July, UK Prime Minister Margaret Thatcher appointed a more proactive Ambassador to Pretoria, Robin Renwick who had helped to negotiate Zimbabwe's independence in 1979
August, Frederick van Zyl Slabbert, the former leader of the liberal opposition who had left parliament, organised a meeting in Dakar, Senegal where fifty Afrikaner intellectuals meet with ANC leaders. Mandela was found to have early signs of tuberculosis and underwent an operation to remove fluid in his lungs at the Tygerberg Hospital in Cape Town. He remained in hospital for 6 weeks for treatment and recuperation
October, Prime Minister Margaret Thatcher was still opposed to the African National Congress (ANC) and called them a terrorist organisation at the Commonwealth Summit in Vancouver.
November, A group of Afrikaner intellectuals meet ANC leaders at the Compleat Angler hotel at Henley, Oxfordshire. Govan Mbeki is released unconditionally from Robben Island
1988
February, The United Democratic Front (UDF) and 17 other organisations were banned. The world commemorated Mandela's 70th birthday.
The BBC televised a huge rock concert held at Wembley Stadium on with star performers including Harry Belafonte, Whitney Houston, Roberta Flack and Stevie Wonder. A smuggled message from Mandela was read out and watched by 72 000 spectators and 200 million viewers in 60 countries. Youths burnt down the Mandela house in Orlando West. The community appealed for calm in response to Mandela's request that no criminal action be taken against the youths. The community rallied to help rebuild the Mandelas' house. The Mozambican government granted its highest award to Nelson Mandela. Mandela was admitted to the Tygerberg Hospital in Cape Town and he is visited by Winnie Mandela. The "Mandela Crisis Committee" organised by Reverend Frank Chikane and including Cyril Ramaphosa, Aubrey Mokoena, Sister Bernard Ncube, Sidney Mufamadi and Reverend Beyers Naudé tried to get Winnie Mandela to disband the Mandela United Football Club.
9 December, Mandela is moved from the Constantiaberg Clinic to Victor Verster Prison where he is given a large warder's house to live in with a swimming pool and a big garden, as well as a personal cook.
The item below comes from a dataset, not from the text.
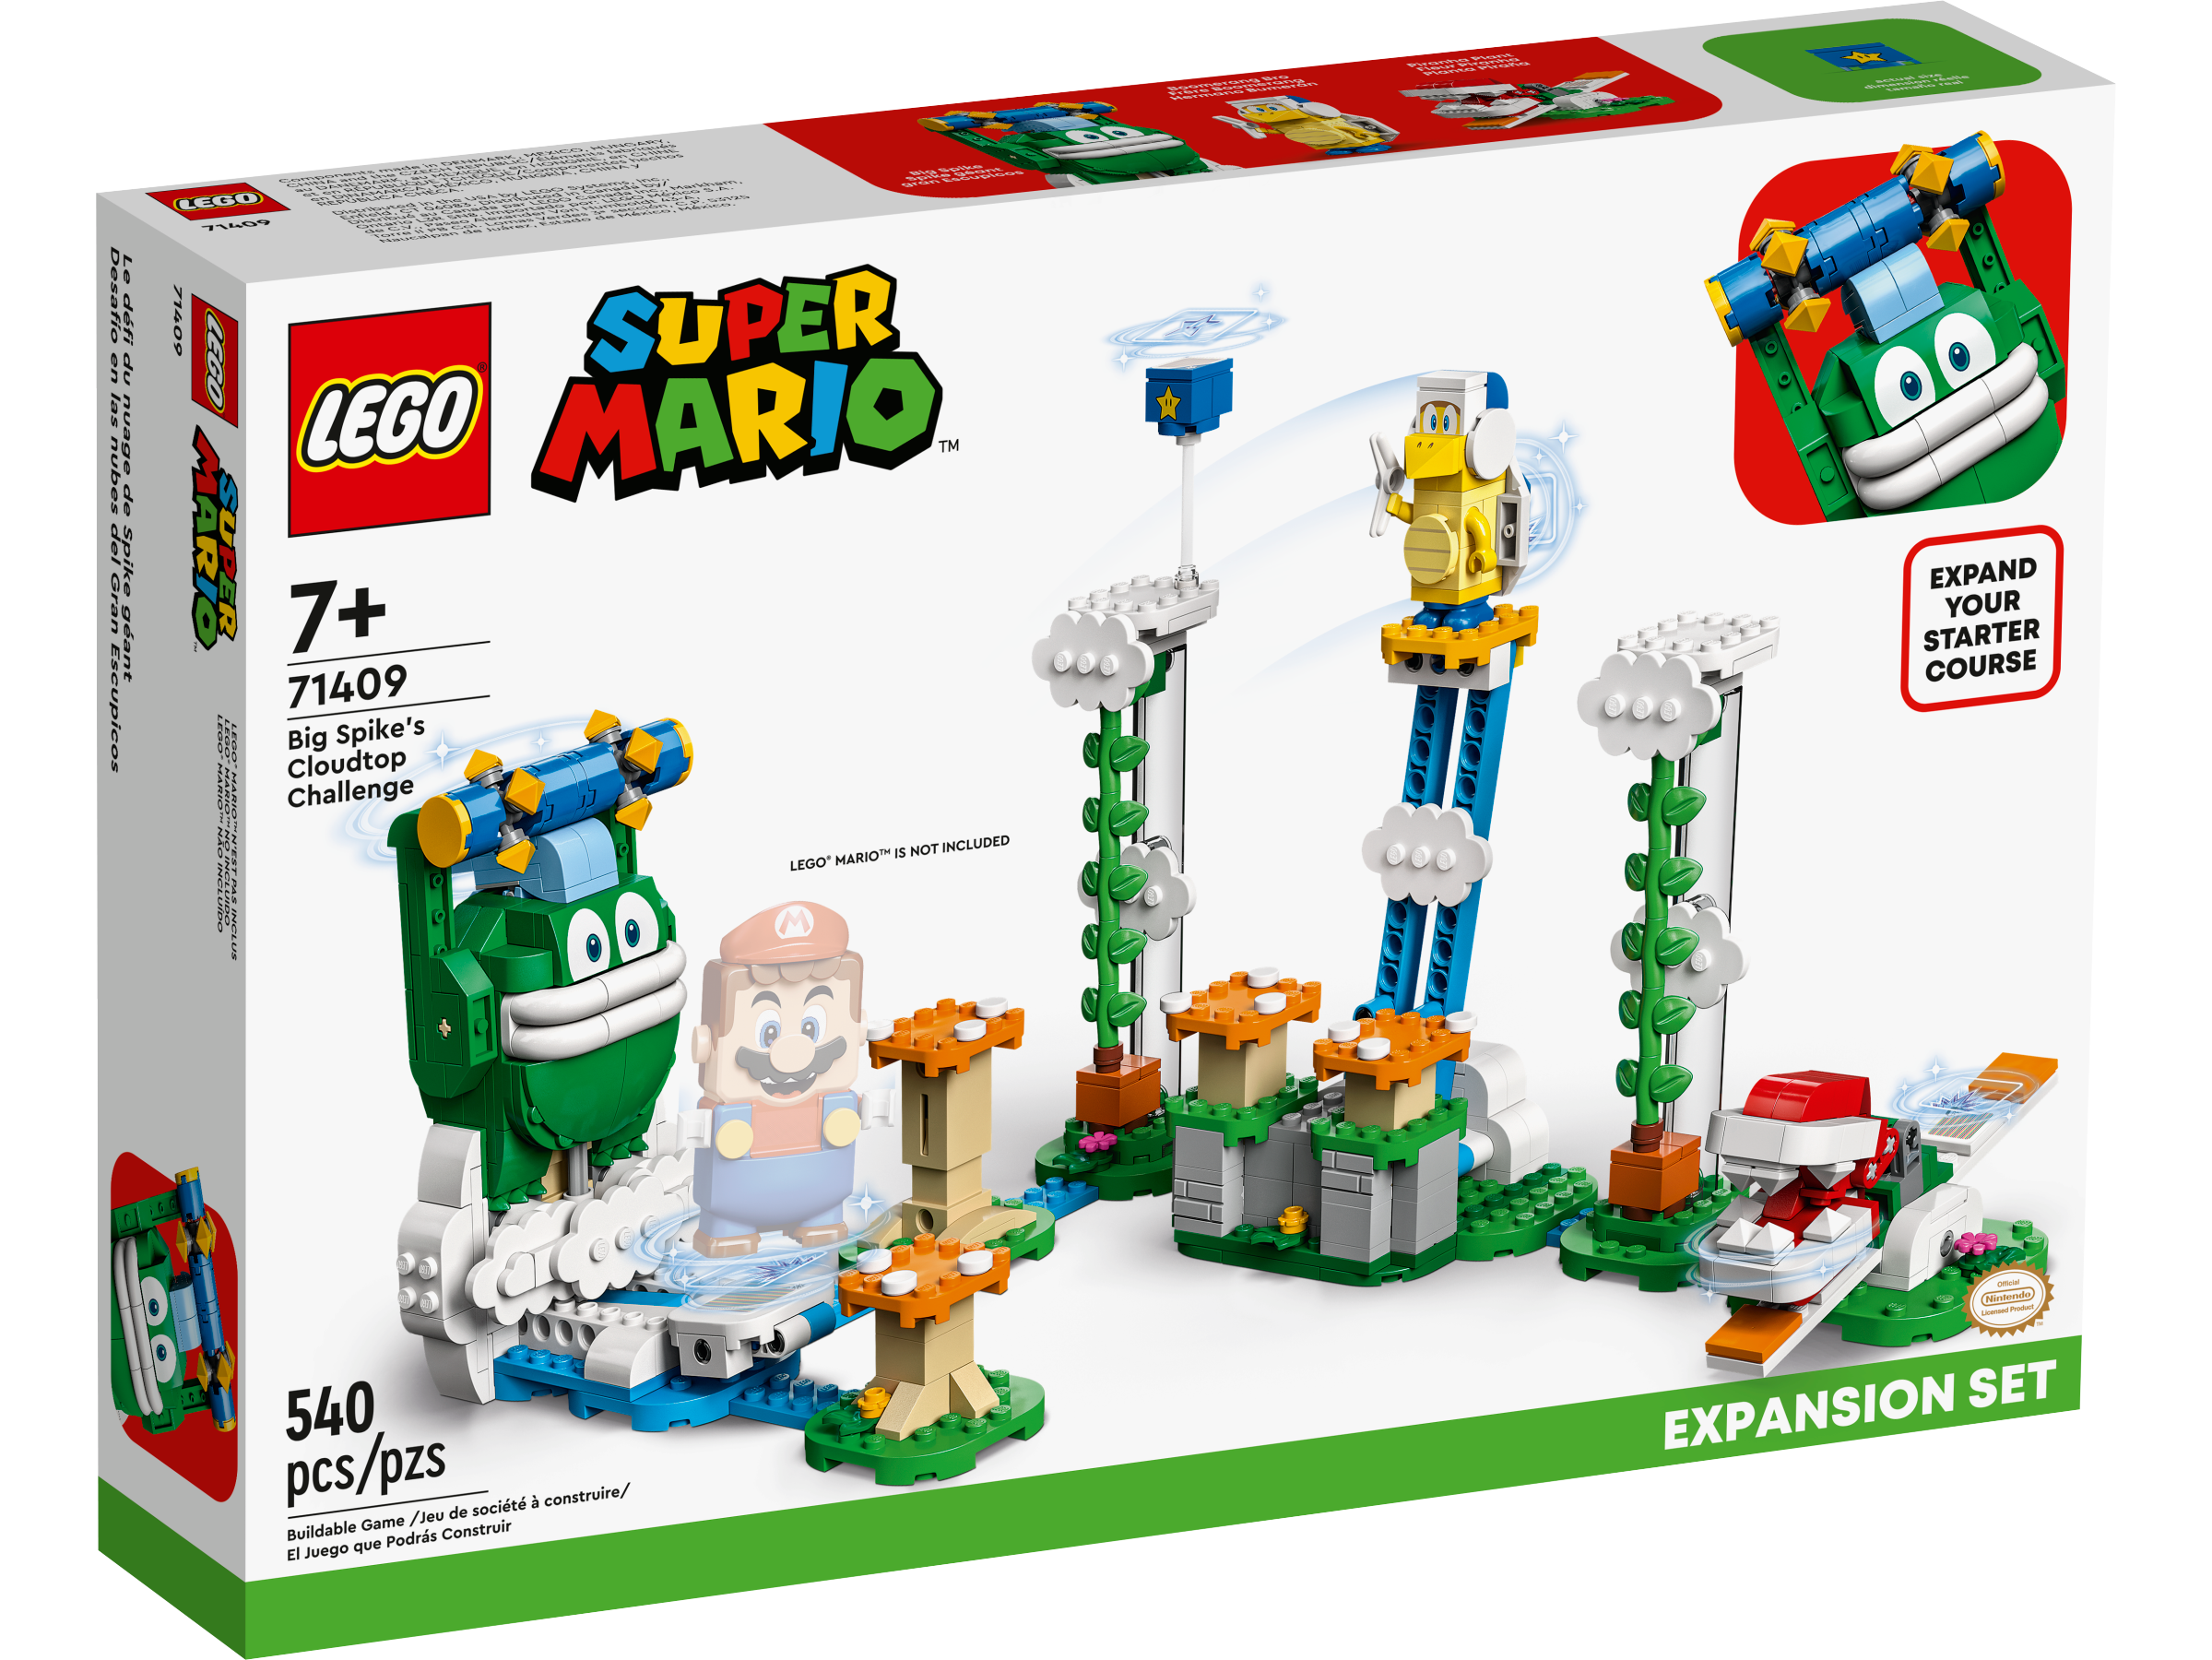 Big Spike's Cloudtop Challenge Expansion Set 71409, LEGO® Super Mario™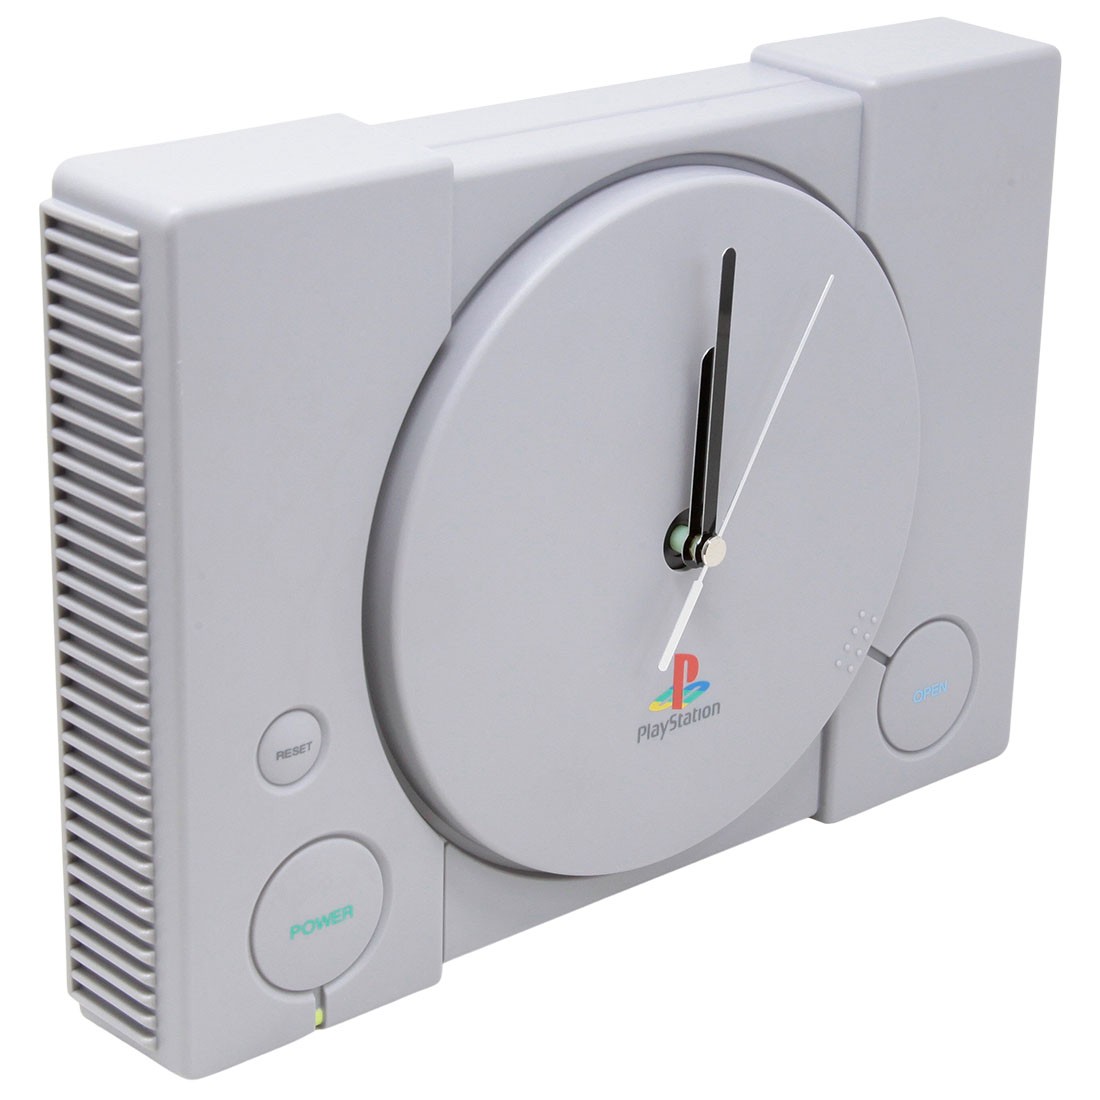 FuRyu PlayStation One Wall Clock (gray)

Certain restriction on the imprisoned Mandela are lifted—friends and family were now able to visit him.
1989
February, The United Democratic Front (UDF) regrouped and, together with the Congress of South African Trade Unions (COSATU) formed the Mass Democratic Movement (MDM).
4 July, Mandela met PW Botha at Tuynhuys (the presidential residence of Cape Town)
21 August, The Organisation of African Unity signs the "Harare Declaration" which called for the release of political prisoners, the unbanning of the ANC and the removal of troops from the townships
9 October, The government announced that it will release 8 prisoners, including Ahmed Kathrada. 18 internal activists met Mandela at Victor Verster Prison.
December, Cabinet bosberaad is held at a game lodge to discuss the Harare Declaration and the release of Mandela
13 December, F.W. de Klerk met Mandela for the first time.
29 December, Stompie Seipei, a 14-year-old Congress of South African Students (COSAS) activist, is abducted with 3 others from a Methodist manse where they were taking refuge. Their abductors, members of the Mandela United Football Club, took them to the home of Winnie Mandela where they were accused of being police informers and beaten for 3 days. Seipei's battered, stabbed, decomposing body was later found in a nearby riverbed.